> **Your assignment**:
Go through the data below and return each line where the string "mehr" occurs.

> **Dataset content**:

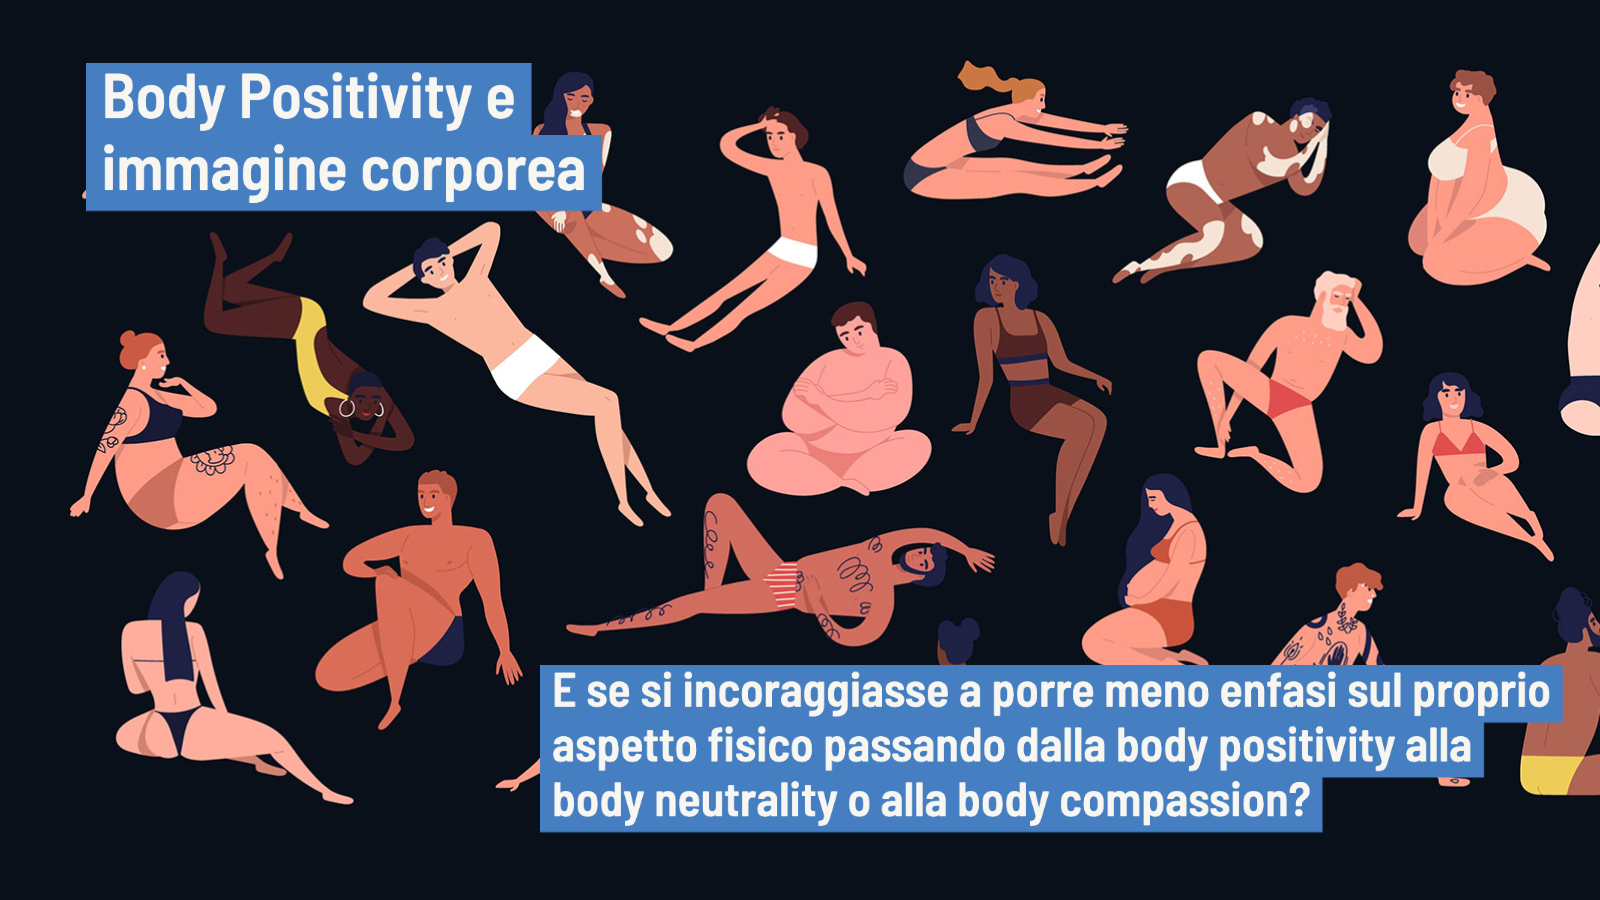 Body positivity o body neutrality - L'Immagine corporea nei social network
--
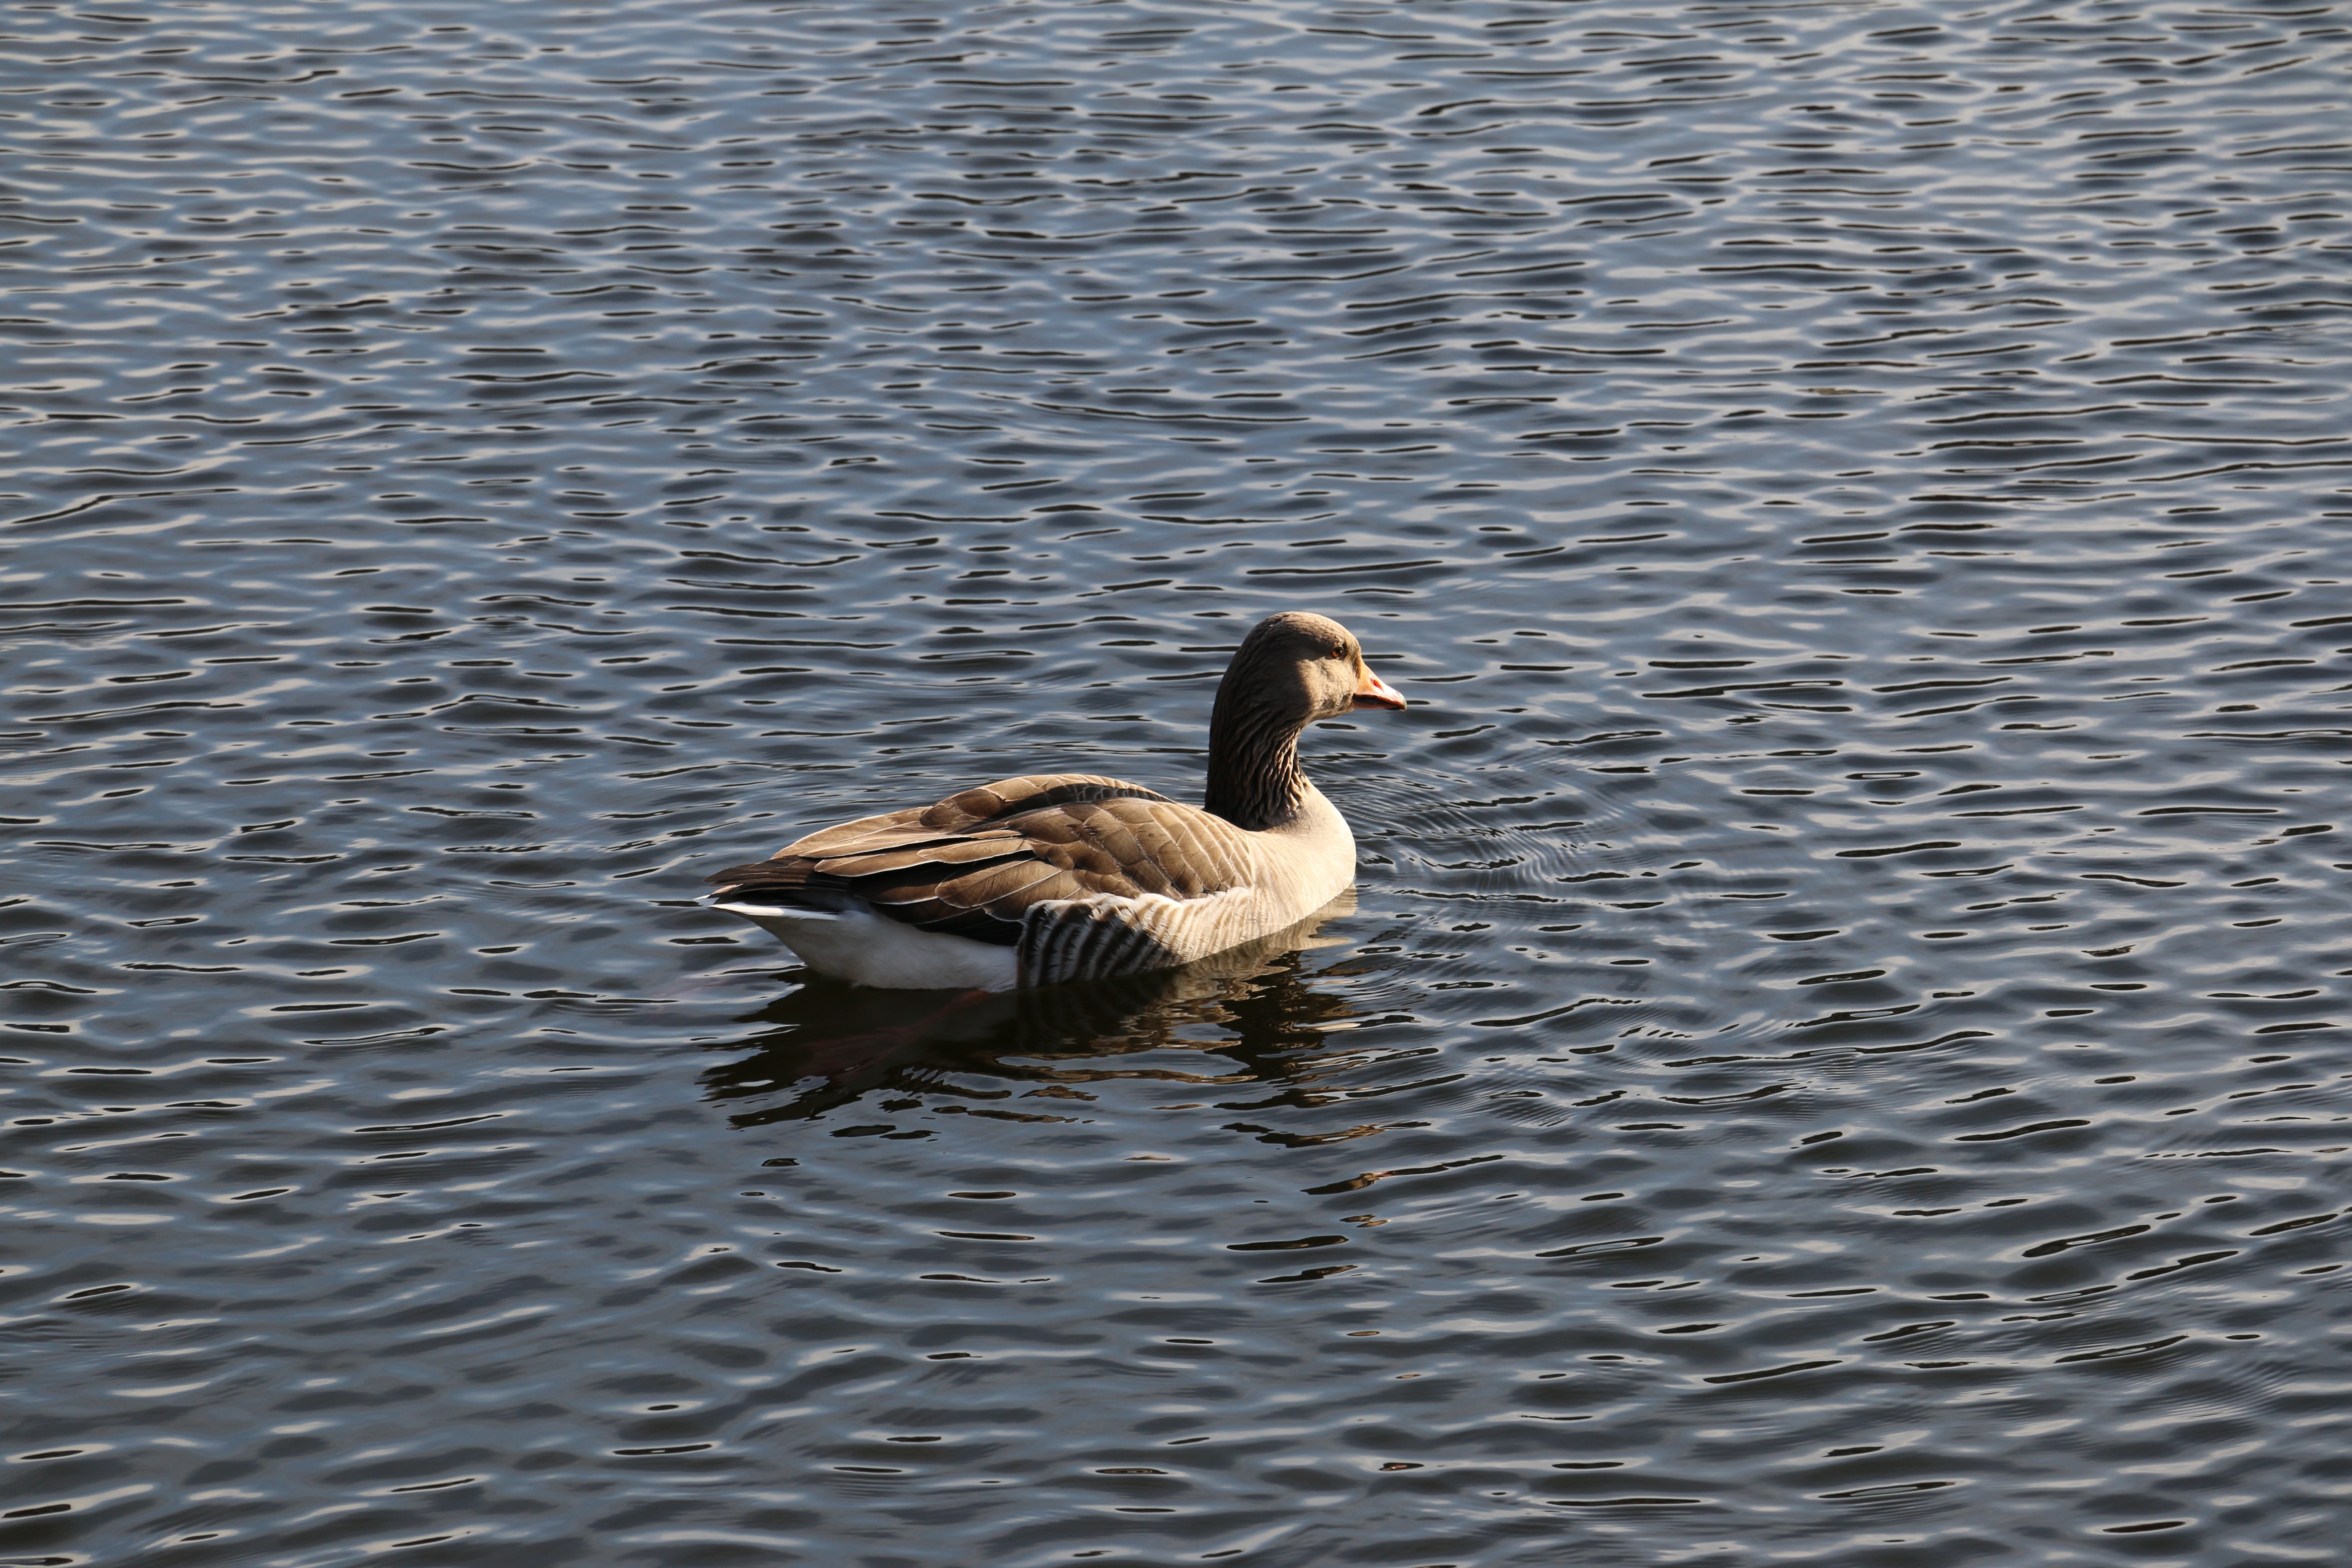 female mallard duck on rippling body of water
==
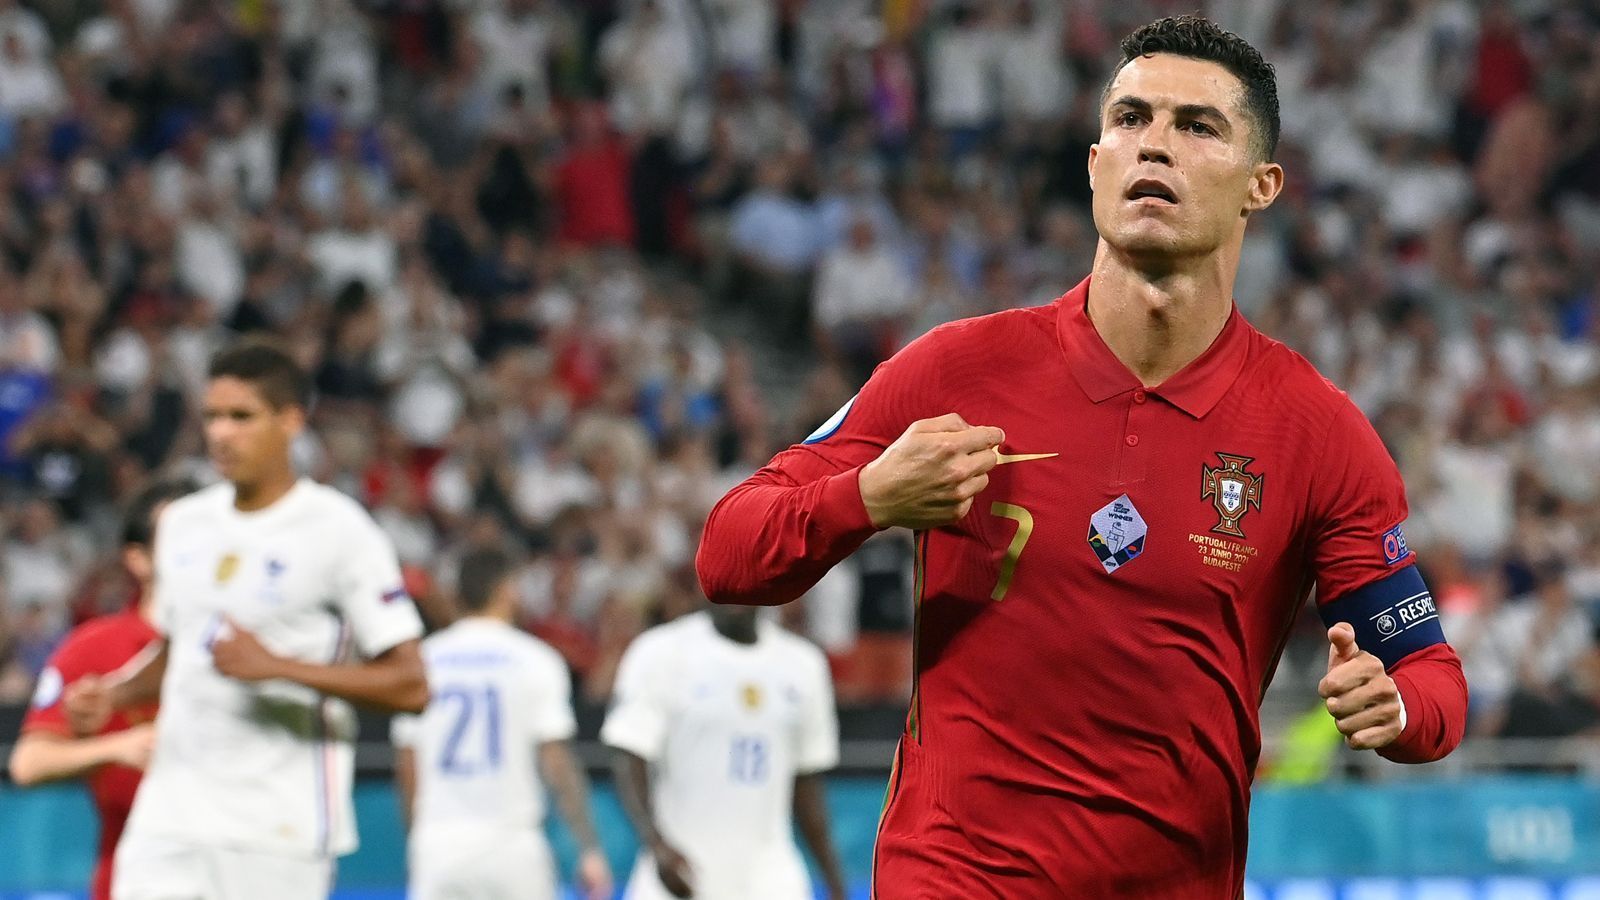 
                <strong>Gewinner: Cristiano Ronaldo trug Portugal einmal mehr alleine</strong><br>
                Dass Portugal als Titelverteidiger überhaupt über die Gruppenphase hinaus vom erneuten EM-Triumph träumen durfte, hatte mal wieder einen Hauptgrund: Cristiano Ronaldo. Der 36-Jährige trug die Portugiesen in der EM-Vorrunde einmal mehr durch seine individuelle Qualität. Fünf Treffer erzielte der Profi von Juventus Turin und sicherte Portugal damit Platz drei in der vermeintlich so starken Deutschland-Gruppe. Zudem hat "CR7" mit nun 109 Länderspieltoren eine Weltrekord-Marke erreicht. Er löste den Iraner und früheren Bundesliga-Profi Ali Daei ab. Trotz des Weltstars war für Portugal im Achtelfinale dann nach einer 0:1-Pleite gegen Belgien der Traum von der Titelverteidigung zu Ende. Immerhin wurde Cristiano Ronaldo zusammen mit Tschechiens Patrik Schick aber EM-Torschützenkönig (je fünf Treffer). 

> **Solution for this problem**:
                <strong>Gewinner: Cristiano Ronaldo trug Portugal einmal mehr alleine</strong><br>
                Dass Portugal als Titelverteidiger überhaupt über die Gruppenphase hinaus vom erneuten EM-Triumph träumen durfte, hatte mal wieder einen Hauptgrund: Cristiano Ronaldo. Der 36-Jährige trug die Portugiesen in der EM-Vorrunde einmal mehr durch seine individuelle Qualität. Fünf Treffer erzielte der Profi von Juventus Turin und sicherte Portugal damit Platz drei in der vermeintlich so starken Deutschland-Gruppe. Zudem hat "CR7" mit nun 109 Länderspieltoren eine Weltrekord-Marke erreicht. Er löste den Iraner und früheren Bundesliga-Profi Ali Daei ab. Trotz des Weltstars war für Portugal im Achtelfinale dann nach einer 0:1-Pleite gegen Belgien der Traum von der Titelverteidigung zu Ende. Immerhin wurde Cristiano Ronaldo zusammen mit Tschechiens Patrik Schick aber EM-Torschützenkönig (je fünf Treffer). 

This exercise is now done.